Recognising the relatively low power of the validation panel to detect significant association of rare variants with disease, we next carried out extended genotyping (Phase III) of the 5 top SNVs that had a p < 0.01 (and in the case of BTNL2 were independent of each other and the known common risk variants) in an additional panel of 3,662 IBD cases and 3,639 controls (Materials and Methods), and then performed a combined case-control analysis of all 10,147 IBD cases and 7,008 controls that were either sequenced or genotyped (Table 2). We confirmed a genome-wide significant association with BTNL2 p.G454C and increased risk of IBD at (p = 9.65x10−10, OR = 2.3 [95%CI = 1.75–3.04]). We detected association for 3 other variants of the 5 tested in phase III (p < 0.005). Notably, in the combined analysis the direction of the effect for each of the 5 SNPs is consistent with the effect in the validation panel (p < 0.031). However, the 3 additional associations do not meet correction for 79 independent tests (P<0.00063) and are therefore suggestive. They include two low frequency missense variants IL12B p.V298F and NICN1 p.H191R associated with a reduced risk for IBD and one noncoding variant ARIH2 c.338-6C>T which was associated with an increased risk (Table 2). Two of the 3 missense variants associated with IBD (IL12B p.V298F and BTNL2 p.G454C) were predicted to be damaging or non-tolerated by Polyphen2 [18] and/or SIFT (sorts intolerant from tolerant) or Provean [19]. IL1B encodes the p40 subunit common to both the interleukin-12 and interleukin-23 heterodimeric cytokines. The p.V298F variant is not in LD with the common risk variant at this locus (r2 = 0.001, D’ = 0.079), and is predicted to disrupt the structure of the p40 protein by the mCSM structure prediction tool [20], with a predicted stability change ΔΔG of −0.917. We also used the available structure of the IL12B (p40) and IL23A (p19) proteins to model the effect of the V298F mutation in IL12B (S4 Fig.). This indicated an altered conformational state of a region of p40 which is important for binding to its partner proteins IL23A (p19) and IL12A (p35) [21].

thumbnail
Table 2. Combined case-control association analysis of 5 sequence variants from the phase III extension study in 10,147 IBD cases and 7,008 controls from phases I–III.
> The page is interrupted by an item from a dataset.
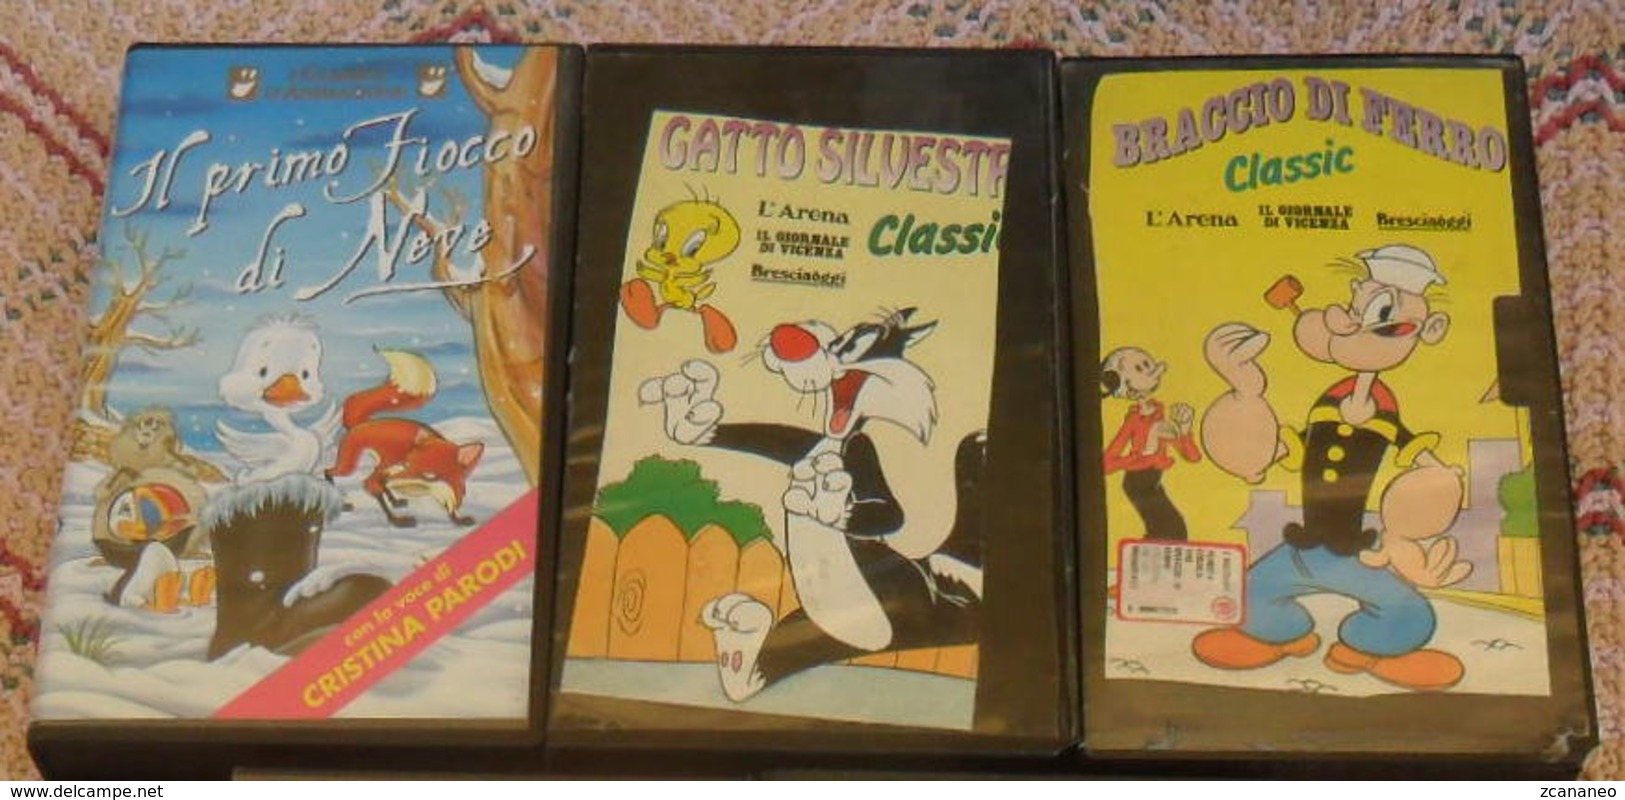 3 VHS CARTONI ANIMATI - BRACCIO DI FERRO - GATTO SILVESTRO - IL PRIMO FIOCCO DI NEVE - - Cartoni Animati

https://doi.org/10.1371/journal.pgen.1004955.t002

BTNL2

BTNL2 is located on chromosome 6p21.3, which contains two common and independent risk loci for IBD. The closest (approximately 200Kb proximal to BTNL2) is within the HLA class II region and is associated with UC (rs477515, p = 5x10−133). The other locus is much further away (approximately 1.1Mb distal of BTNL2) within the HLA-class I region, and associated with CD (rs9264942, p = 5x10−28) [4]. We observed that BTNL2 p.G454C was associated very strongly with UC (p = 3.5x10−12, Table 2) and also associated with CD but to a lesser extent (p = 3.6x10−5, Table 2). In view of the extended LD in this region, it is possible that these associations could be due to LD with the known common risk variants in the HLA class I or class II regions. We investigated this by further conditional logistic regression analysis using 1,638 IBD cases and 1,243 controls genotyped in both the Immunochip study and both our genotyping studies. We confirmed that BTNL2 p.G454C was not in LD with either of the two common IBD risk variants (r2 < 0.001, D’ < 0.7). Conditional analysis showed that BTNL2 p.G454C remained significantly associated with IBD when the effect at the common UC associated SNP (rs477515) was accounted for (p = 0.0045, S6 Table), or the common CD associated SNP (rs9264942) was accounted for (p = 4.83x10−5, S6 Table). Haplotype analysis showed that the risk “A” allele for the rare variant occurred on haplotypes containing either the non-risk or the risk allele for both of the common variants, further suggesting their independence. Given the strength of the effect of p.G454C in UC individuals in particular (Table 2) we carried out specific haplotype analysis using this and the common UC GWAS SNP in the class II HLA region and showed that haplotype A-A containing the risk allele at the rare variant (p.G454C) and the non-risk “A” allele at the common UC GWAS SNP (rs477515) respectively, although very rare, was increased in frequency in cases, (0.2%) compared to controls (0.07%) (S7 Table), and the haplotype G-A containing the risk allele at both the common and the rare variant had a much higher risk for disease (OR = 6.51 [95%CI = 1.87–22.72]) than the haplotype G-C that only had the risk allele at the common SNP and lacked the rare risk allele (OR = 1.38 [95%CI = 1.20–1.57]).

Discussion

In this study we investigated the contribution of rare variants to susceptibility to inflammatory bowel disease in a large set of candidate genes. Use of targeted next generation sequencing in combination with a DNA pooling strategy allowed us to screen over 500 genes for variants in more than 900 individuals, which is ten-fold more than were investigated in previous studies of IBD [1012]. The results demonstrate that this is a cost-effective strategy for identifying low frequency variants that may be associated with disease. We were able to validate our approach by accurate estimation of the minor allele frequencies of 153 SNPs previously genotyped in individual case and control samples by the Affymetrix 500K SNP array, and by successfully reproducing the effect sizes (odds ratios) and allele frequencies of multiple common and low-frequency variants previously associated with IBD. We also demonstrated highly significant overlap of association for 1,099 SNPs that were common to our study and the recent GWAS/Immunochip meta-analysis for IBD [4], and showed a strong correlation between the allele frequencies and odds ratios of 80 SNVs that were genotyped by both pooled DNA sequencing and genotyping in our follow up study. Strong correlations between allele frequency estimates from pooled sequencing and genotyping have also been reported in previous studies of Crohn’s disease [10, 11], although read counts tended to underestimate actual frequencies for rare variants in one study [10]. However this approach could prove useful when supported by stringent quality control and validation measures.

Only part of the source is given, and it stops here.